(Stored entries)
++++++++++
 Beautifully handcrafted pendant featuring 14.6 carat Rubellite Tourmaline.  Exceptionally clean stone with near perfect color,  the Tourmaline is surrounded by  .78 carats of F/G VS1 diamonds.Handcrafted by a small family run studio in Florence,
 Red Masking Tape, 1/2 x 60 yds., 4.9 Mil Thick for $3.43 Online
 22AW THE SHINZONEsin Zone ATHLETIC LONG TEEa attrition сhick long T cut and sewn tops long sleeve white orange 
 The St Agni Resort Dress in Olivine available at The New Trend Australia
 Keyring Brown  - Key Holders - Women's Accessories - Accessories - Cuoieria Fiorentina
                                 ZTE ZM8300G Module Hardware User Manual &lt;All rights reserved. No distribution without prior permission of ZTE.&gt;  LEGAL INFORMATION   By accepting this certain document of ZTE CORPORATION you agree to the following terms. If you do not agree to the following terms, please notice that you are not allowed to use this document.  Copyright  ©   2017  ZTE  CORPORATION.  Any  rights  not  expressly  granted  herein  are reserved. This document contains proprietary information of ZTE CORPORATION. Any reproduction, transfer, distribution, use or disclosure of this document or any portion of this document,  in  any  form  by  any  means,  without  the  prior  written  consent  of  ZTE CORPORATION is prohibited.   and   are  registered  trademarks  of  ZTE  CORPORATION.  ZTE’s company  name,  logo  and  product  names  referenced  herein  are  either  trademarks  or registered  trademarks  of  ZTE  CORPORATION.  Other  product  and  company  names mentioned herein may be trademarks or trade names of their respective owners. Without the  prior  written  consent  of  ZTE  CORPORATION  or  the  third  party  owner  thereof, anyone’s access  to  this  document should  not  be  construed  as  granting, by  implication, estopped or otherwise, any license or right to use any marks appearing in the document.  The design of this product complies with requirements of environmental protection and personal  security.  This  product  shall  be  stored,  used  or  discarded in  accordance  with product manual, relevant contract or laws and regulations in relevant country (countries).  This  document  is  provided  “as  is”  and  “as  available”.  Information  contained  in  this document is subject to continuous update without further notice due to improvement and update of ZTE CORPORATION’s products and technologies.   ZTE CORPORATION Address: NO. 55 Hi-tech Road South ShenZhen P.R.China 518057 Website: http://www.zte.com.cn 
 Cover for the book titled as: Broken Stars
++++++++++
The full set of records must be output again exactly.

 Beautifully handcrafted pendant featuring 14.6 carat Rubellite Tourmaline.  Exceptionally clean stone with near perfect color,  the Tourmaline is surrounded by  .78 carats of F/G VS1 diamonds.Handcrafted by a small family run studio in Florence,
 Red Masking Tape, 1/2 x 60 yds., 4.9 Mil Thick for $3.43 Online
 22AW THE SHINZONEsin Zone ATHLETIC LONG TEEa attrition сhick long T cut and sewn tops long sleeve white orange 
 The St Agni Resort Dress in Olivine available at The New Trend Australia
 Keyring Brown  - Key Holders - Women's Accessories - Accessories - Cuoieria Fiorentina
                                 ZTE ZM8300G Module Hardware User Manual &lt;All rights reserved. No distribution without prior permission of ZTE.&gt;  LEGAL INFORMATION   By accepting this certain document of ZTE CORPORATION you agree to the following terms. If you do not agree to the following terms, please notice that you are not allowed to use this document.  Copyright  ©   2017  ZTE  CORPORATION.  Any  rights  not  expressly  granted  herein  are reserved. This document contains proprietary information of ZTE CORPORATION. Any reproduction, transfer, distribution, use or disclosure of this document or any portion of this document,  in  any  form  by  any  means,  without  the  prior  written  consent  of  ZTE CORPORATION is prohibited.   and   are  registered  trademarks  of  ZTE  CORPORATION.  ZTE’s company  name,  logo  and  product  names  referenced  herein  are  either  trademarks  or registered  trademarks  of  ZTE  CORPORATION.  Other  product  and  company  names mentioned herein may be trademarks or trade names of their respective owners. Without the  prior  written  consent  of  ZTE  CORPORATION  or  the  third  party  owner  thereof, anyone’s access  to  this  document should  not  be  construed  as  granting, by  implication, estopped or otherwise, any license or right to use any marks appearing in the document.  The design of this product complies with requirements of environmental protection and personal  security.  This  product  shall  be  stored,  used  or  discarded in  accordance  with product manual, relevant contract or laws and regulations in relevant country (countries).  This  document  is  provided  “as  is”  and  “as  available”.  Information  contained  in  this document is subject to continuous update without further notice due to improvement and update of ZTE CORPORATION’s products and technologies.   ZTE CORPORATION Address: NO. 55 Hi-tech Road South ShenZhen P.R.China 518057 Website: http://www.zte.com.cn 
 Cover for the book titled as: Broken Stars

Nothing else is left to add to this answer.